The Figure 3 illustrates the price changes (Change_rate) skewness kurtosis are-0.278169 and 4.178902. The skewness is -0.278169, which means that the price is slightly to the left and the center of gravity is to the right; the mean value is around 0; the kurtosis is 4.178902, which is close to the normal distribution. It is not possible to have a linear correlation with the stock price.
3.3. Single Factor Analysis
Figure 4: Single-factor distribution.
The Figure 4 shows different single-factor analysis and data distribution.
PB: PB is right biased, the center of gravity is on the left, and the kurtosis is also slightly higher, so it can be log transformed to make it conform to unbounded Johnson distribution, and it can also be standardized.
PCF: PCF almost no skewness, kurtosis is very high, not suitable for standardization operation, but can reduce its kurtosis, but because the traditional method of reducing kurtosis log is not good for the case with negative numbers, you can first pan with the minimum value, and then log
PE: skewness is positive, the magnitude is not large; kurtosis is high, but not particularly high, you can log processing to adjust the skewness
PS: the skewness is positive, the magnitude is not large, the kurtosis is similar to the normal distribution, no need to deal with
pmi: higher kurtosis, can do log processing, less need for special processing
turnover ratio: The extreme value of 3% for each of the maximum and minimum is deleted when calculating the market mean. turnover_ratio distribution skewness is positive, the magnitude is large, can be log processed
Macroeconomic index (leading index) leading_idx: does not obey normal distribution, but its distribution is extremely similar to HS300 stock price distribution, which may have a strong linear relationship.
Total retail sales of social consumer goods retail_sin: the skewness is positive, the magnitude is not big, the kurtosis is not big, can't see what special treatment is needed.
Fixed asset investment completion (cumulative year-on-year): positive skewness, high kurtosis, not suitable for log to reduce skewness due to a large number of values around 0. This factor is not meaningful to use directly, and I would like to try to use proportional change as a substitute.

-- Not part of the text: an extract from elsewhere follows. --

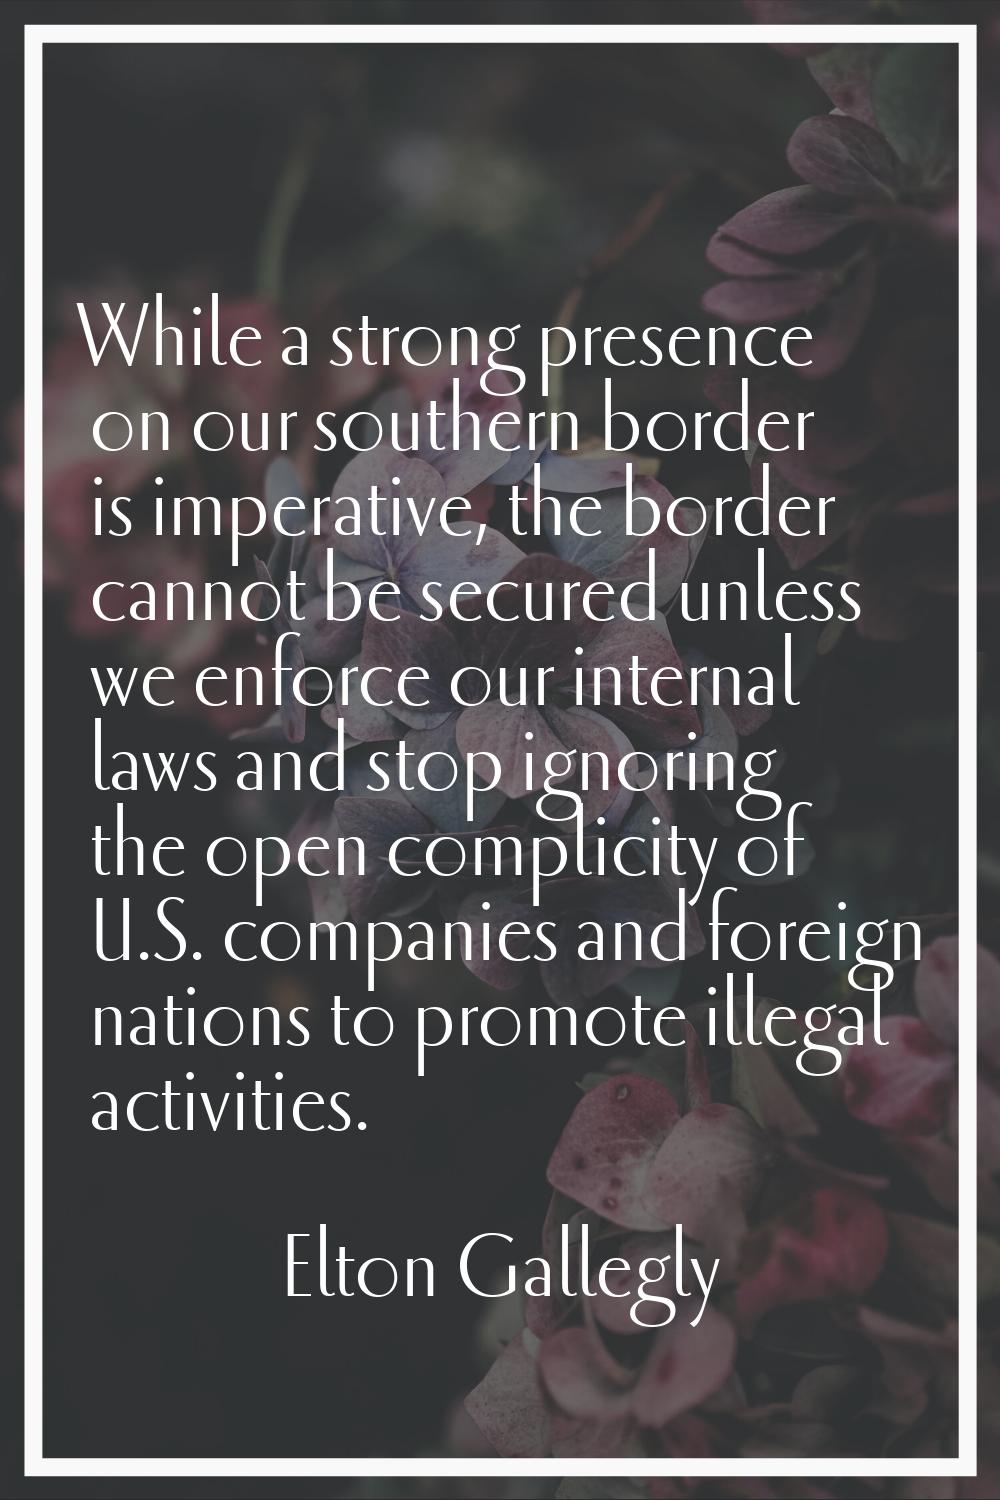 While a strong presence on our southern border is imperative, the border cannot be secured unless w

Figure 5: single-factor distribution.
CPI: right skewed skewness, high kurtosis, suitable for log processing
M1: It is recommended to represent the data with change proportion
M2: Suggest to use the change proportion to represent the data
Unemployment rate URUR: The data comes from Wind database, the data is obviously not in line with common sense, according to the unemployment rate of the United States or other countries, the unemployment rate should fluctuate around 3%-8% is more normal, during the economic crisis may exceed 10%, a major economic crisis such as the 1932 economic crisis may be more than 20%. 2005 to 2017 12 years there was a major financial crisis. The time span is also very large, but the unemployment rate fluctuates but not more than five thousandths, the data distortion is serious(see Figure 5).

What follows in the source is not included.